Özçelik also addresses the question of Ln grammars as natural languages that Broselow raised but comes down on the other side of the argument. His work has demonstrated that learners do not sanction what may be plausible hypotheses (e.g. weight-insensitive iambs in L1-English learners of L2-Turkish) motivated by frequent patterns in the surface input and even overt pedagogic instruction if those hypotheses violate the principles of UG. Özçelik’s advocacy of such domain-specific modularity reminds us that impossible grammars are not just impossible physical states but rather illicit representations. These claims are based on such rich theoretical and typological work as Hayes (1995) and McCarthy and Prince (1986), who note this gap of quantity-insensitive iambs in the metrical inventory of the world’s languages. Finally, he takes issue with my suggestion that the focus on Optimality Theory’s computational properties has led to the neglect of modelling multilingual phonology by noting that the field of first-language phonology has not been similarly affected. Without resorting to brute-force counting, my sense is that more of the phonologically-informed learnability studies in OT have more recently relied on artificial grammars than actual child data (pace Tessier, 2015).

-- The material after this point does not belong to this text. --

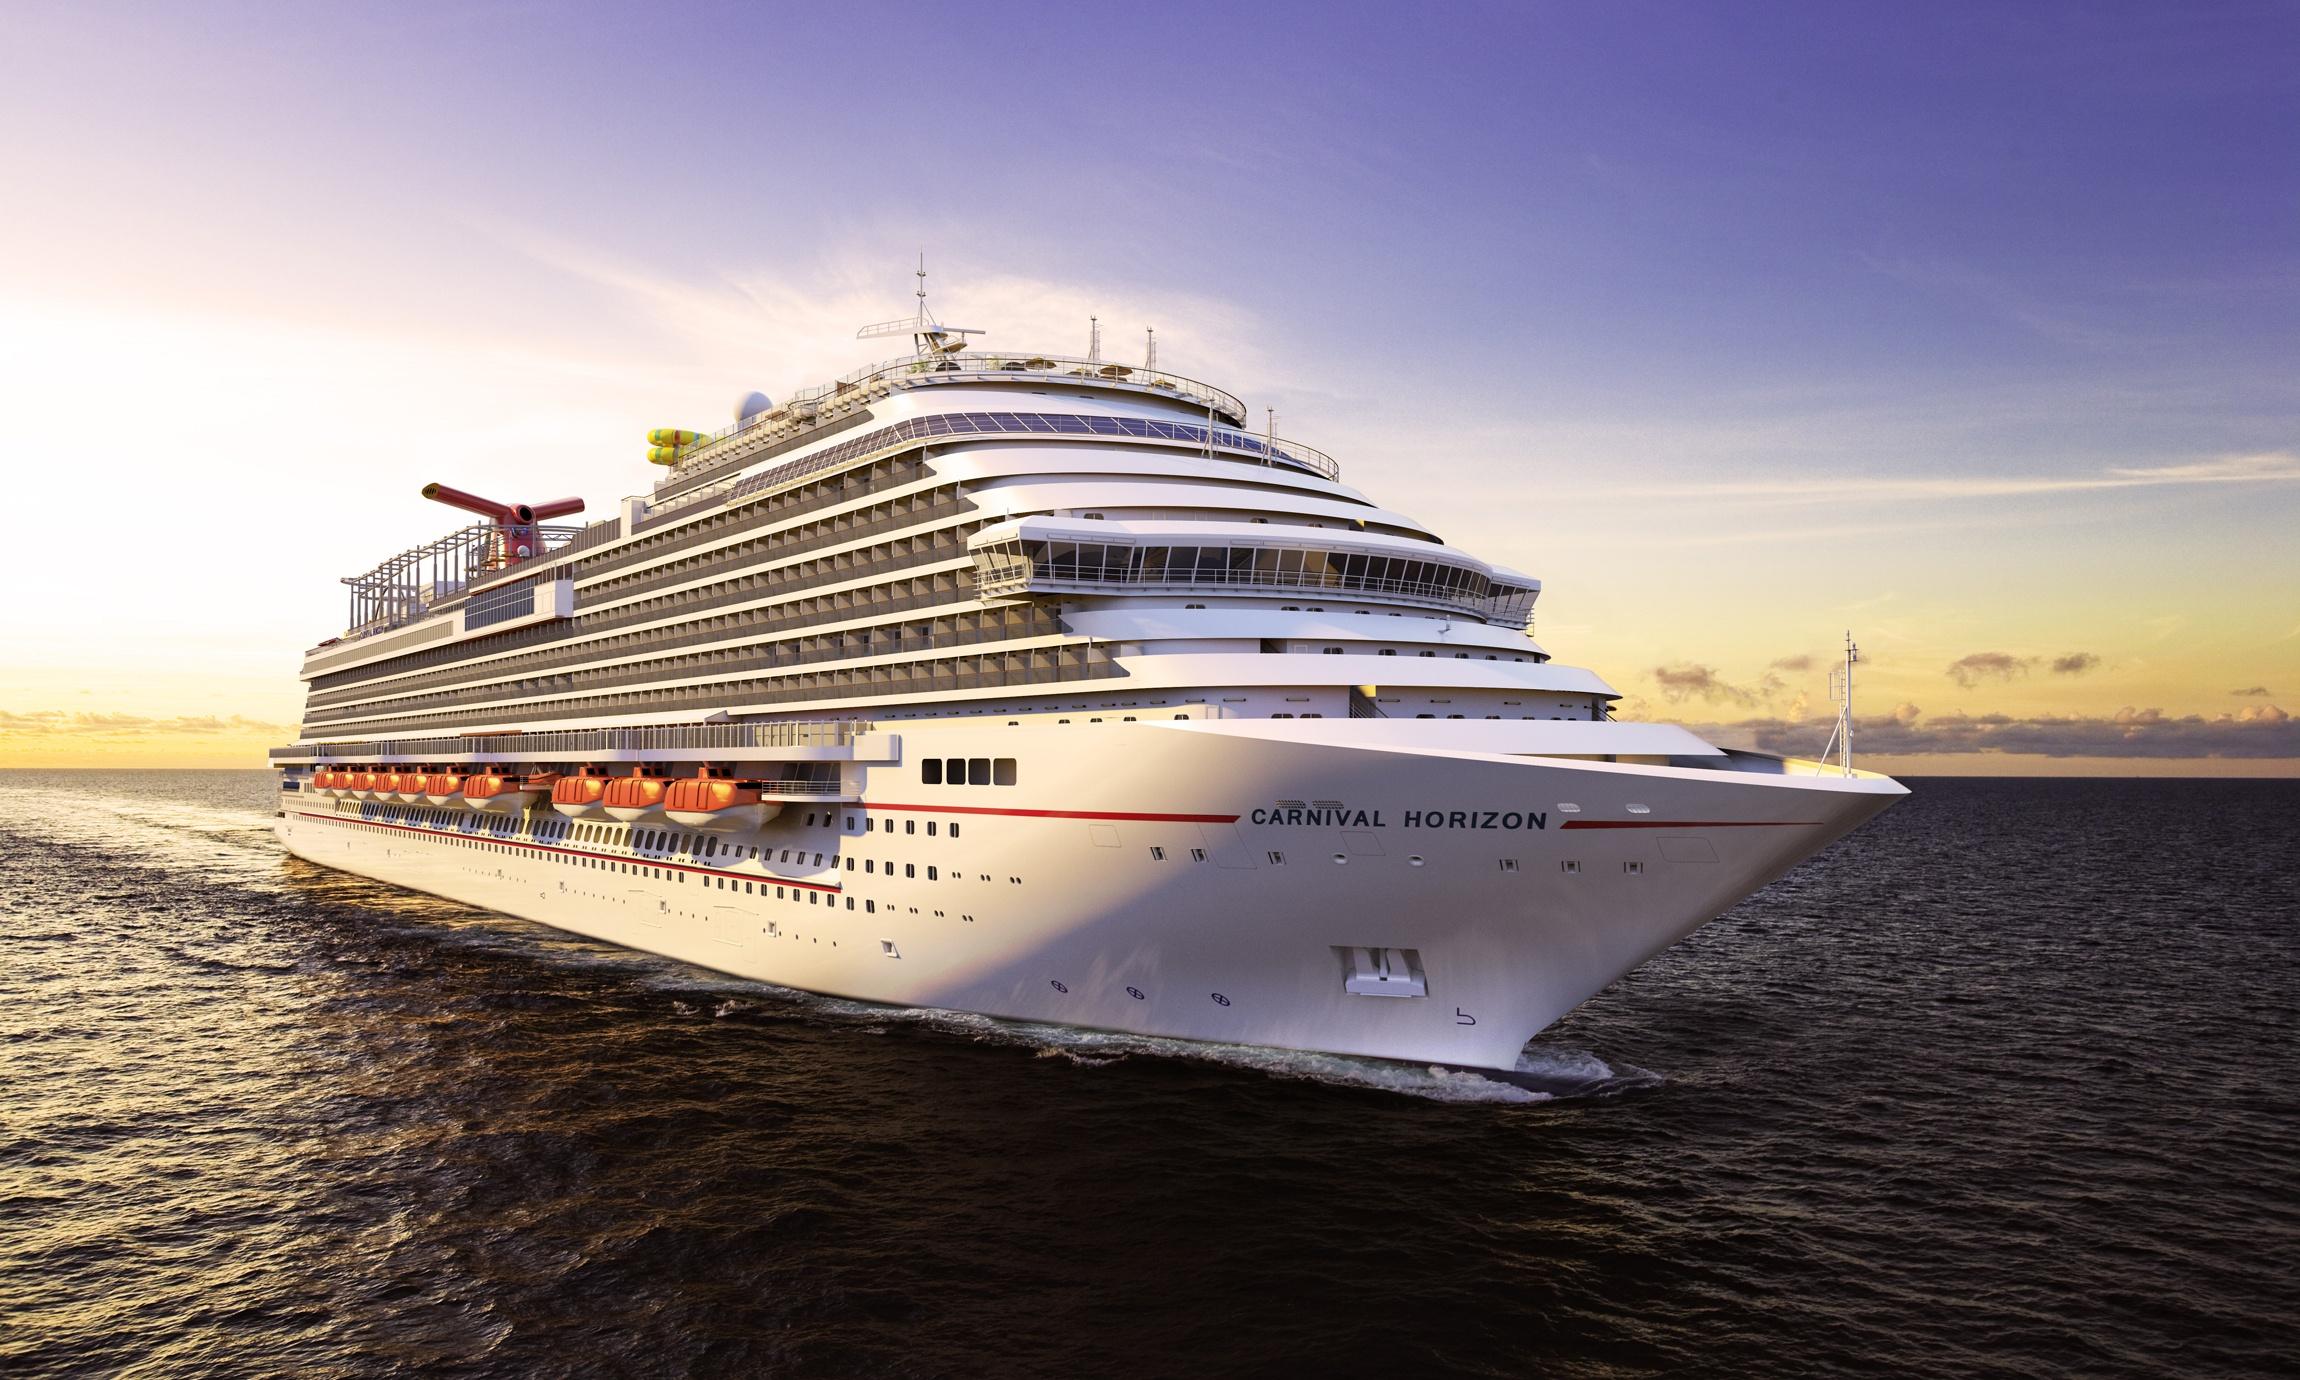 MS Carnival Horizon Carnival Cruise Line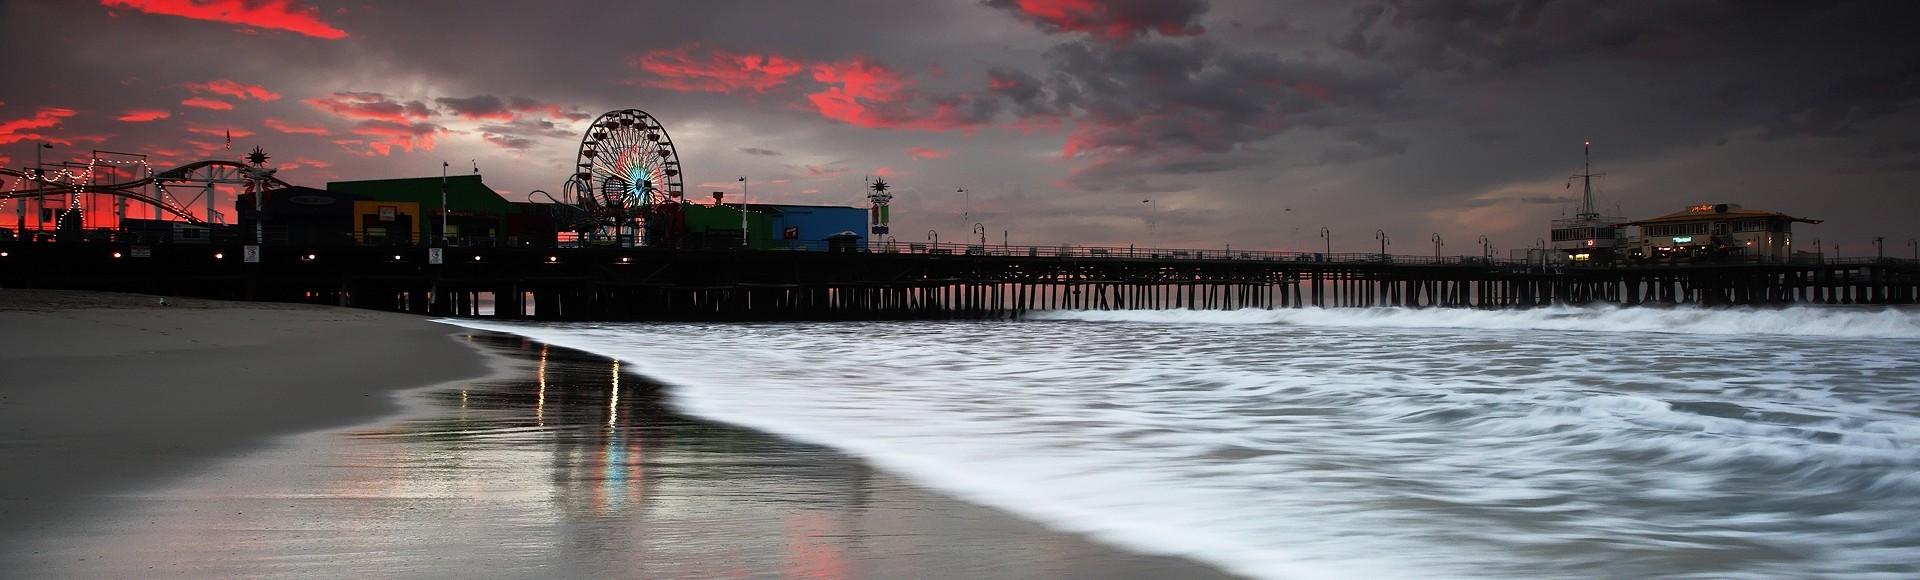 santa monica pier at sunrise

Goad’s commentary (‘A role for features in speech perception’) provides two valuable case studies that demonstrate the explanatory value of positing abstract features to account for L2 learner behaviour in speech perception. The first (Martinez et al., 2022) shows how the L2 processing of nasality in the speech stream is affected by the phonological status of a feature (either contrastive or allophonic). The L1 French speakers were able to redeploy their phonemic [nasal] feature in a way that L1 English speakers could not redeploy their allophonic [nasal] feature in discriminating Brazilian Portuguese input. Furthermore, the data from Martinez et al. (2022) show that with longer exposure learners are able to redeploy an L1 feature from one domain in the L1 (in this case consonants) to another domain in the L2 (in this case vowels). Such a pattern is also evidenced in Nelson (2023) who demonstrates that L1 English speakers are able to redeploy their L1 vocalic [RTR] feature to build an L3 consonantal [RTR] representation for uvular consonants.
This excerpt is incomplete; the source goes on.